Deciphering scribbles: Why converting handwriting to text requires advanced AI

Mar 15, 2022 by Automation Hero

OCR already excels at printed text conversion, but struggles with handwriting. Here’s how AI can help

“Paperwork” used to be a common word in the office, but in our increasingly digital world, you might have trouble remembering the last time you heard it. Still, many organizations continue to use paper forms throughout their operations to avoid the challenges and support costs of large-scale digitization. However, in avoiding the time and cost of digitization, companies may end up applying more time and manual labor to processing their paper forms, especially when it comes to inputting information from handwritten documents.

Putting pen to paper is especially common for intaking customer information. Organizations in healthcare, finance, retail, and beyond, often use paper forms for

  • New patient questionnaires
  • Deposit slips
  • Retail loyalty card applications
  • Membership applications

In most fully digitized offices, processing these documents always creates extra work. Handwritten information is useless until it’s in a format computers can understand. Employees have to scan each page and run it through an OCR (optical character recognition) program or manually type in the data.

Doing this for a few documents here and there isn’t an issue. But when it involves dozens or hundreds of documents per day, it creates serious workflow challenges that eat up a lot of resources. Automation has taken a lot of the pain out of these processes, but many tools still struggle with converting handwriting to text.

Fortunately, advanced AI is starting to ease the burden.

The limits of legacy OCR

When an OCR program scans a document image, it examines each pixel and its relationship to the others around it, looking for specific patterns. On simple text documents, it’s actually the shape of white and dark pixels that create letters, numbers, and other characters. When OCR recognizes a shape that’s a character, it converts it into text a computer can recognize, essentially replicating the process a data entry specialist would follow as they re-type the words from a paper document into a computer.

The earliest forms of OCR could only recognize specific fonts and colors. Over time, their ability to recognize patterns grew, encompassing more fonts, as well as text from images with more colors and design flourishes, such as flyers, marketing pamphlets and other complex documents. Eventually, OCR evolved to recognize handwritten print letters. Of course, the accuracy was incredibly low, requiring almost as much manual processing as data entry.

Why we need advanced AI for converting handwriting to text

Deciphering handwriting takes much more cognitive processing than just recognizing patterns. Reading the handwriting of even just one person requires the ability to recognize an incredible number of character variations and handwriting styles compared to printed text.
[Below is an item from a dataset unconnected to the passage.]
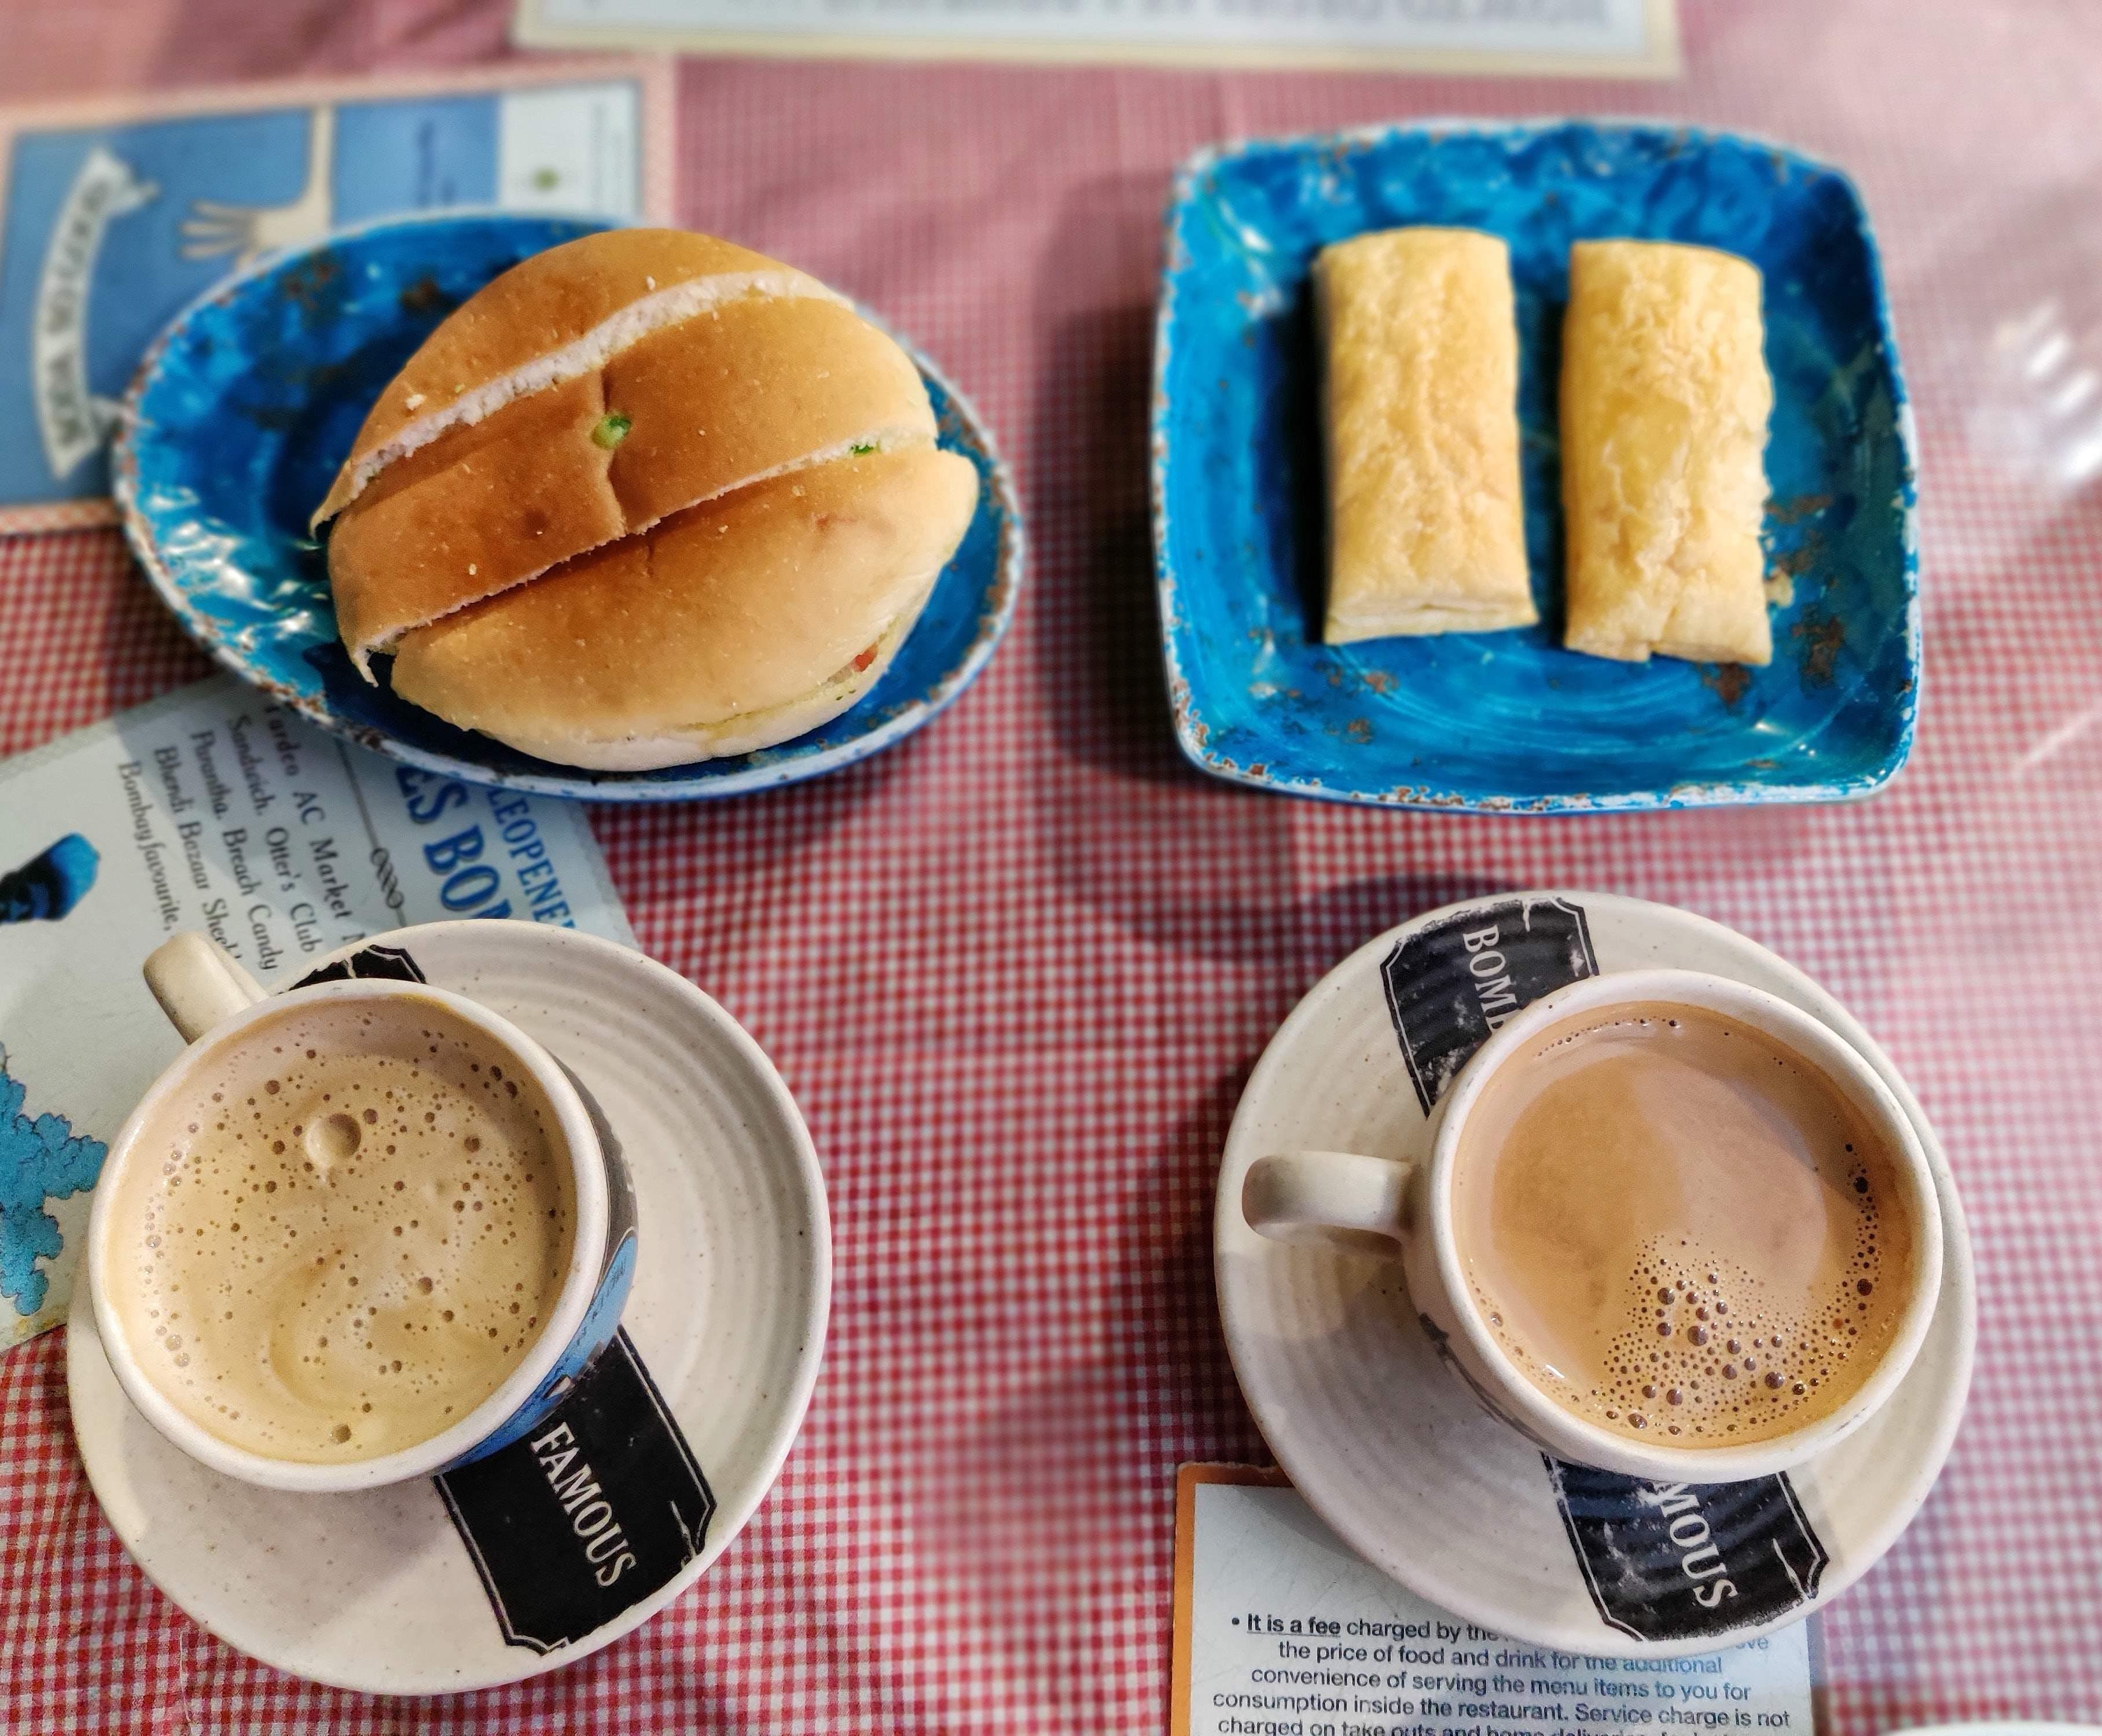 Food,Cuisine,Dish,Ingredient,Cup,Brunch,Breakfast,Coffee cup,Meal,Café au lait

Think about your own (unconscious) strategy for reading printed letters and cursive. First, you recognize shapes as letters. If certain characters aren’t legible, you may look at the surrounding letters and words for context to discern what the unreadable characters are. Sometimes, it’s impossible to even read your own handwriting, especially if you scribbled a note in a hurry. 

For a machine to decipher cursive requires algorithmic training on the direction of pen strokes and how different letters flow into each other. Without this kind of base knowledge and analytical ability, OCR will have trouble even seeing cursive as writing.

We are still a long way off from having free-thinking machines, but artificial intelligence has advanced enough to perform some of its own simple versions of our cognitive processes. And until we can teach them to fully replicate our reasoning abilities, we can train algorithms with specific data to improve accuracy.

Fully automating the process of converting handwriting to text is a challenge people have been working on for a long time. Technology is just now providing enough accuracy and speed to support business processes, improving productivity for businesses that haven’t switched to fully digitized forms. Investing in and implementing AI capable of processing handwriting helps companies stay ahead of the curve, and remain competitive in a fast-paced marketplace.